Im JSP-File greife ich dann mit "#{msg.irgendwas}" darauf zu. Wenn ich die Anwendung ausführe funktioniert das auch sehr gut und ich bekomme je nach eingestellter Sprache im Betriebssystem die entsprechenden Texte ausgegeben (deutsch oder eben englisch).

Eclipse zeigt mir aber im JSP-File bei jeder Verwendung von "msg" den Warnhinweis: "msg cannot be resolved". Warum ist das so (vor allem weil es ja in Wirklichkeit auch funktioniert) bzw. wie kann ich diese störenden Warnungen wegbekommen?

Alternativ hab ich auch versucht mit <f:loadBundle basename="mypackage.i18n.messages" var="msg" darauf zuzugreifen, wobei dann allerdings bei basename konkret "...message*_de*" oder "...messages*_en*" stehen muss, sonst wird das richtige Bundle nicht automatisch gefunden.

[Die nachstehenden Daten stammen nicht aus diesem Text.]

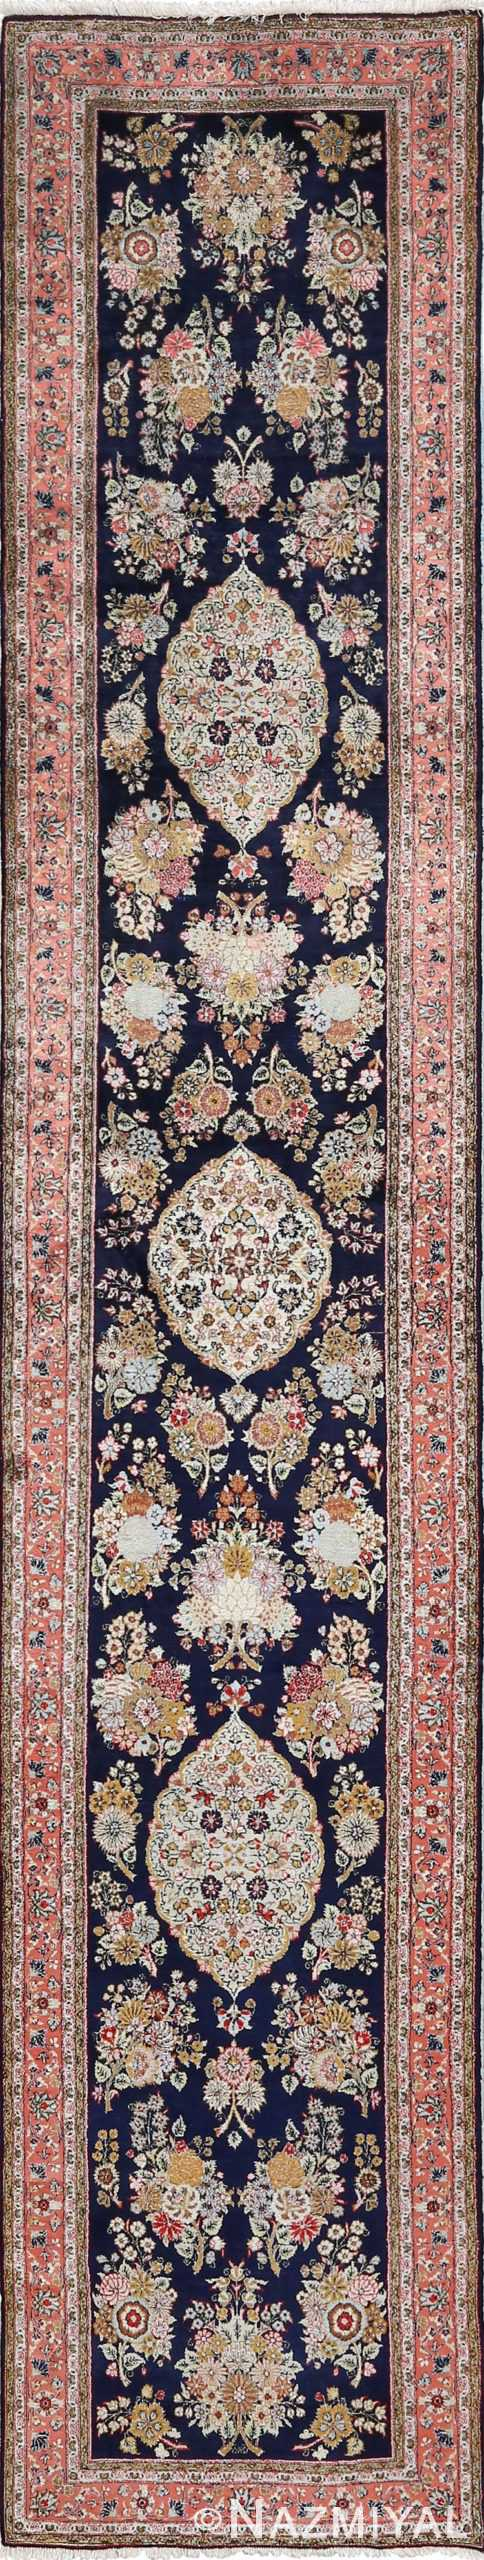 fine silk vintage qum persian rug runner 51059 Nazmiyal
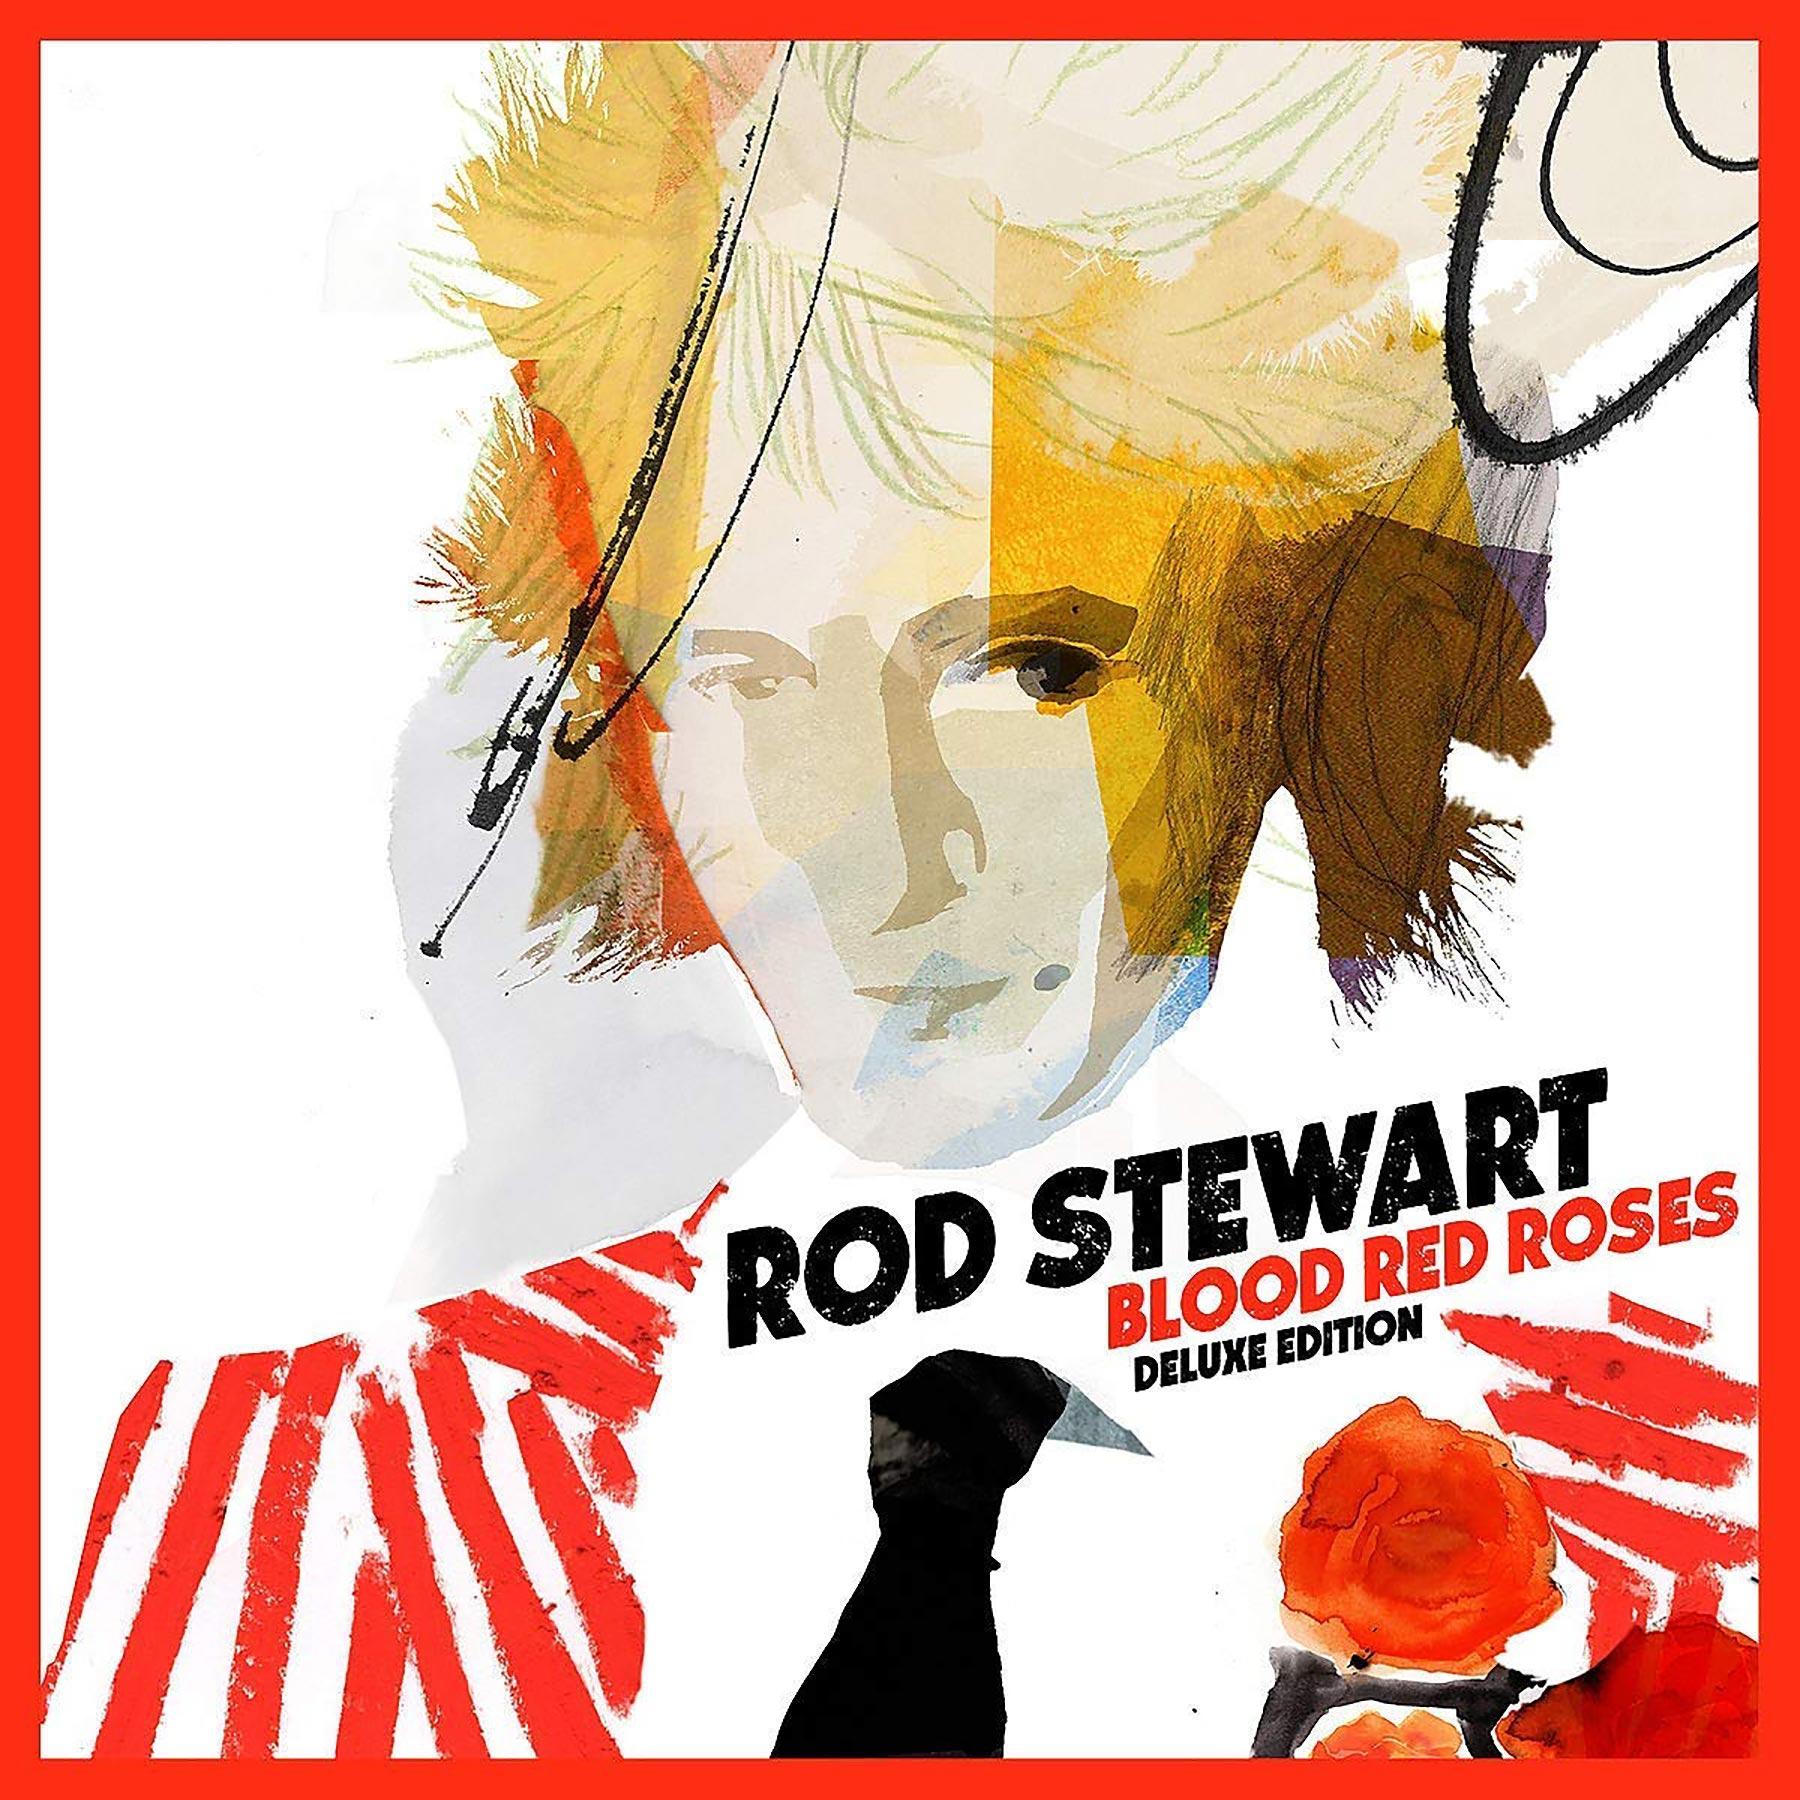 Rod Stewart, Blood Red RosesCR: Republic/Rod Stewart/Decca

Danke schon jetzt für eure Hilfe!

lg Peter


----------



## gex (26. Mrz 2009)

Hi

guck hier, da hats ein gutes bsp: JavaServer Faces Tutorial (JSF) - Message Resources


----------



## PeterRRR (27. Mrz 2009)

Ja, dieses Tutorial hab ich mir schon angesehen. Leider funktioniert es bei mir nicht, wenn ich es so mache wie dort beschrieben. Wenn ich in der faces-config.xml wie im Tutorial vorgeschlagen beispielsweise das einfüge...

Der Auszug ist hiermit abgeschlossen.